I think bandwidth is becoming a necessity and local government can deliver it (for the record, I did not vote for Obama last time! ;-)




If multiple providers were leasing the fiber, they could compete on how they handle the data on the other side of the last mile: how they're connected to other networks (peering and transit), price, oversubscription rates, acceptable use policy, willingness to install caching boxes provided by content providers, what services are included and their quality (dns/mail/vpn/homepage/news/shell).


The ISPs would still need to pay for the interconnects b/t the municipal ISP and, say, Level 3. So performance, etc. as well.

The way I envision it working is:

FTTH is the municipal and they hook it up to a single interchange. From there, someone has to pay for the routing to the rest of the internet, etc. Its the FTTH that is screwed up.


Ask Australia and the UK. Works great for them.


ISPs here (the UK) primarily use the same physical last mile (along with their own hardware in the exchanges), and often the same backbone infrastructure, but differentiate on pricing and service.

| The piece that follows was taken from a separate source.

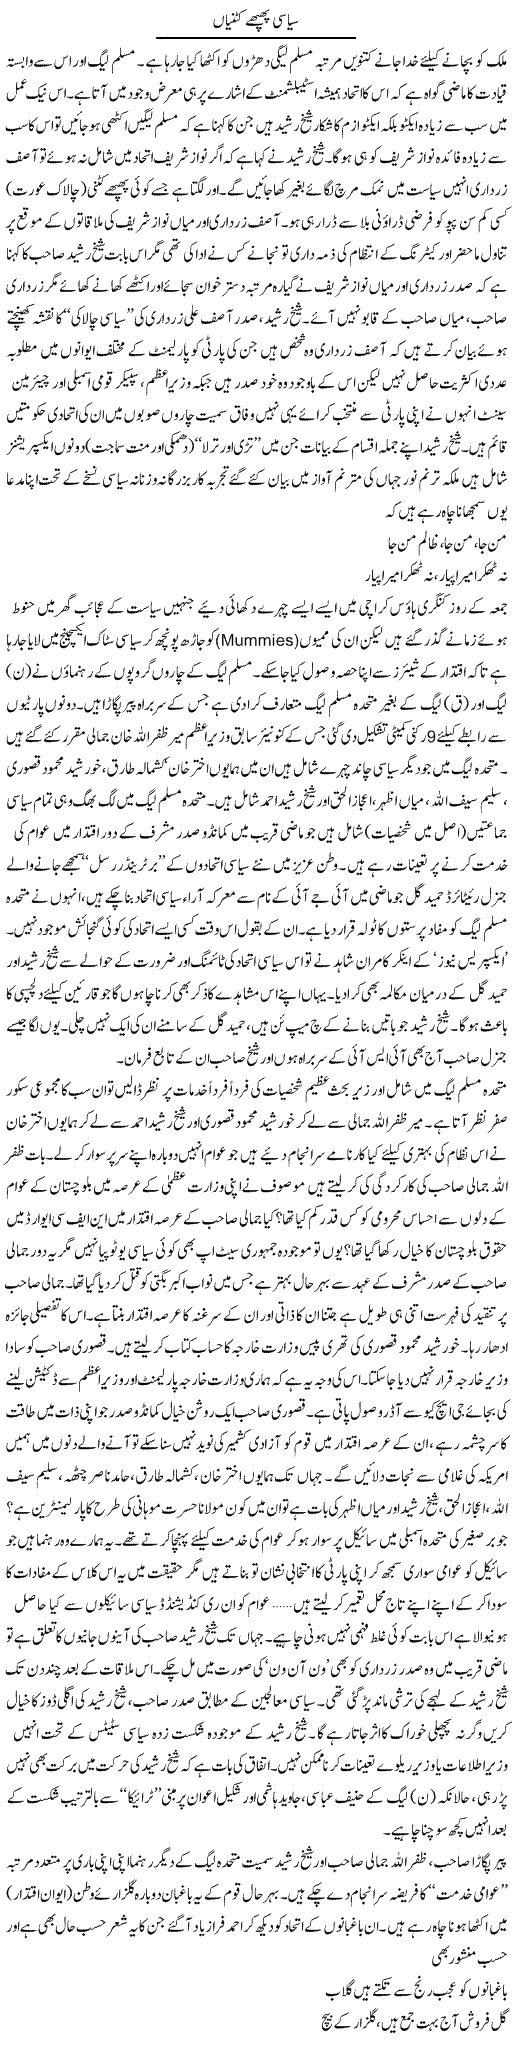 Political Plans Express Column Tahir Sarwar 1 November 2010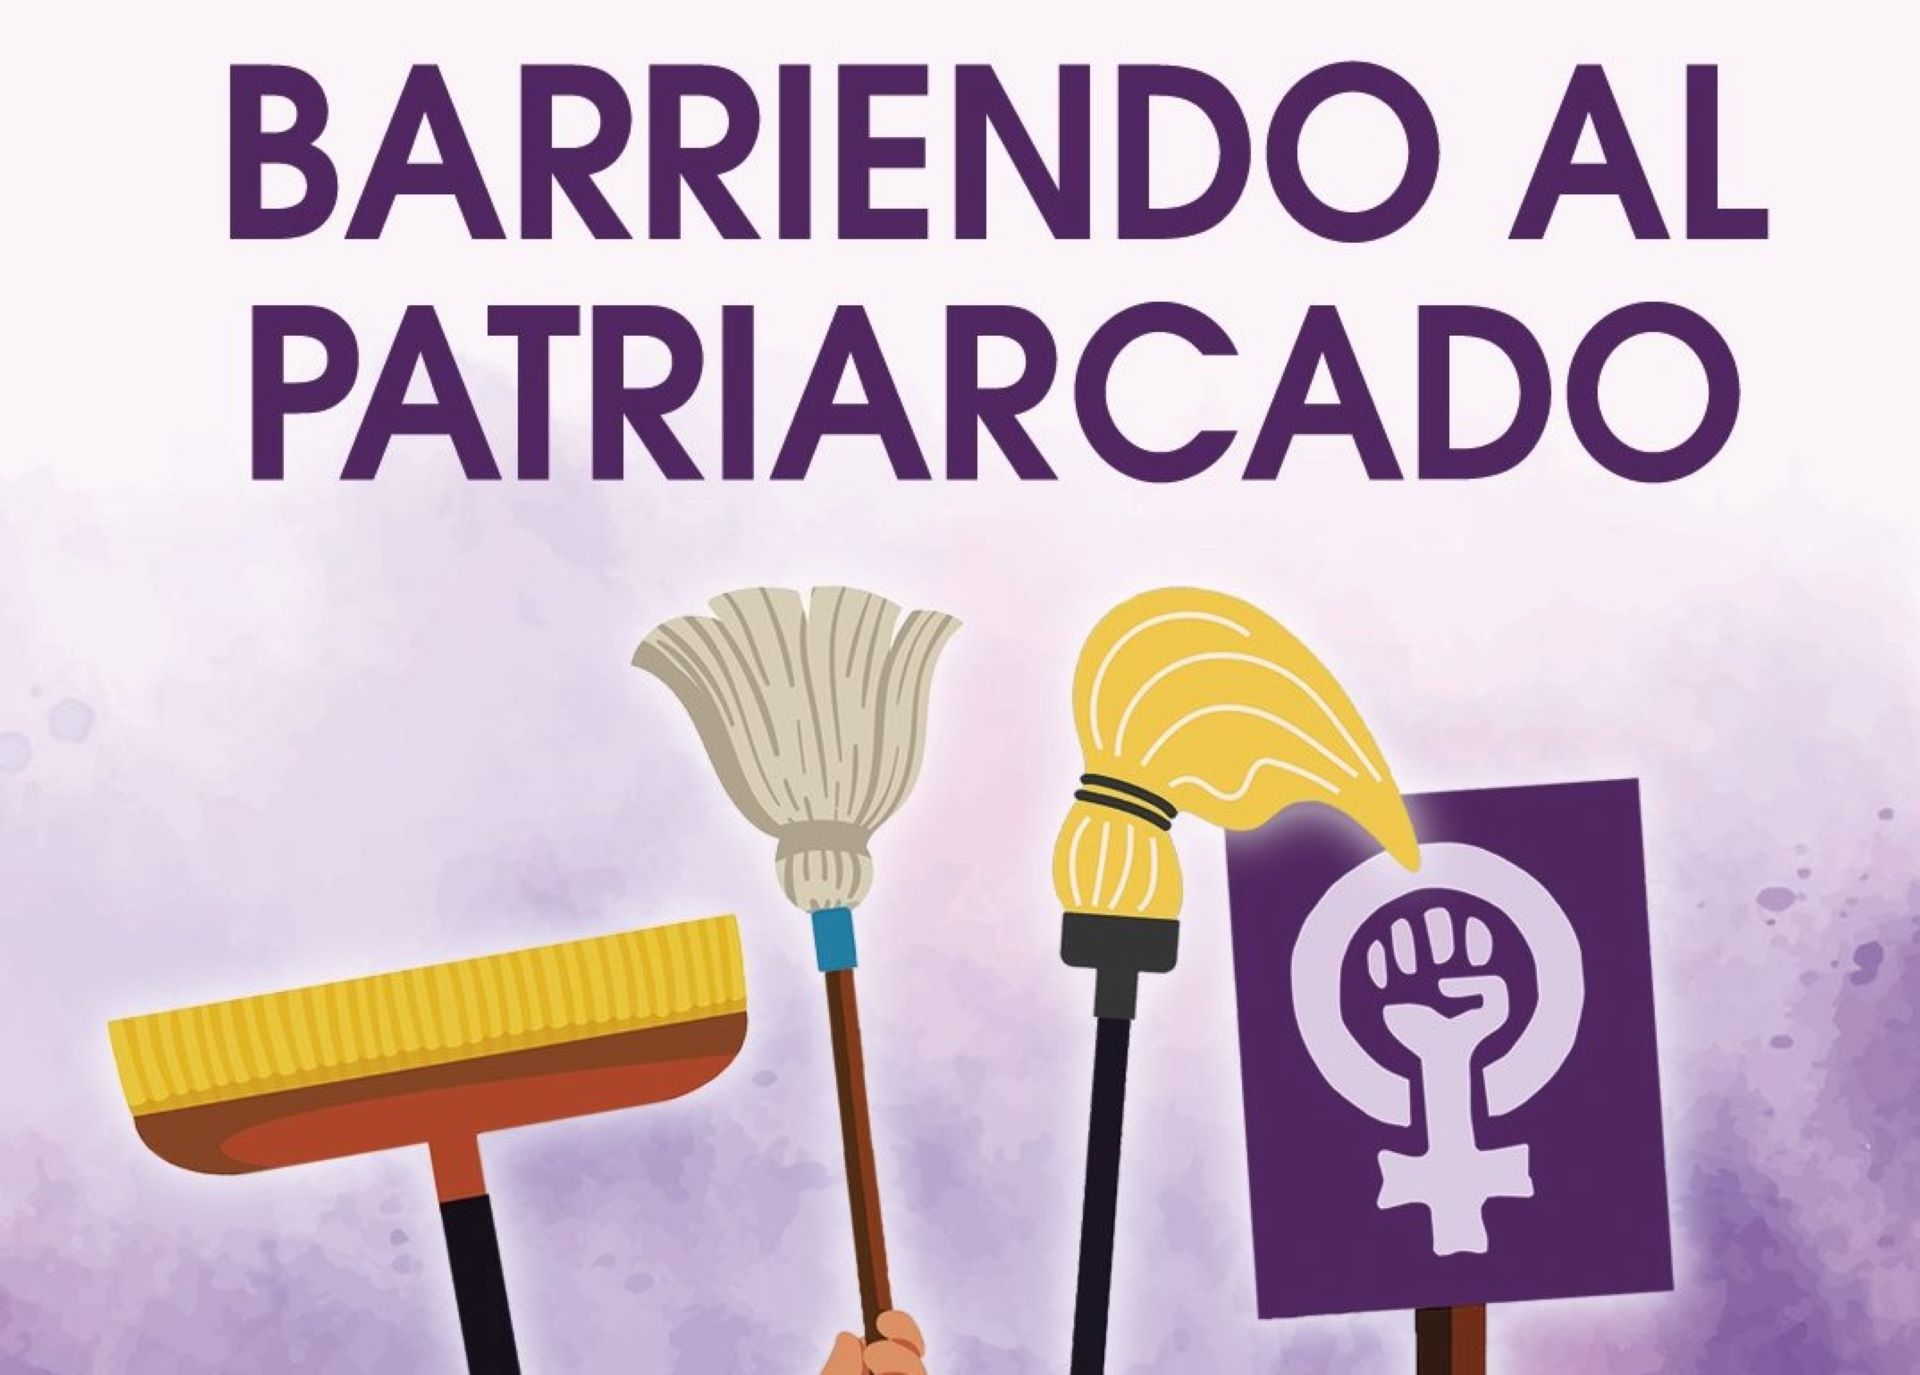 Polèmica per una campanya del PCE que crida a "escombrar" el patriarcat el 8 de març

There's also enough money caught up in the retail ISP business that if the infrastructure maintainers failed to do their jobs, the retail ISPs could reasonably compete with them, at least in key markets. This, combined with a strong telecoms regulator pressuring them into developing and maintaining infrastructure, generally works out reasonably well; much of the country, including a lot of small towns, now have 50-70Mbps unlimited unshapedc FTTC for a reasonable price.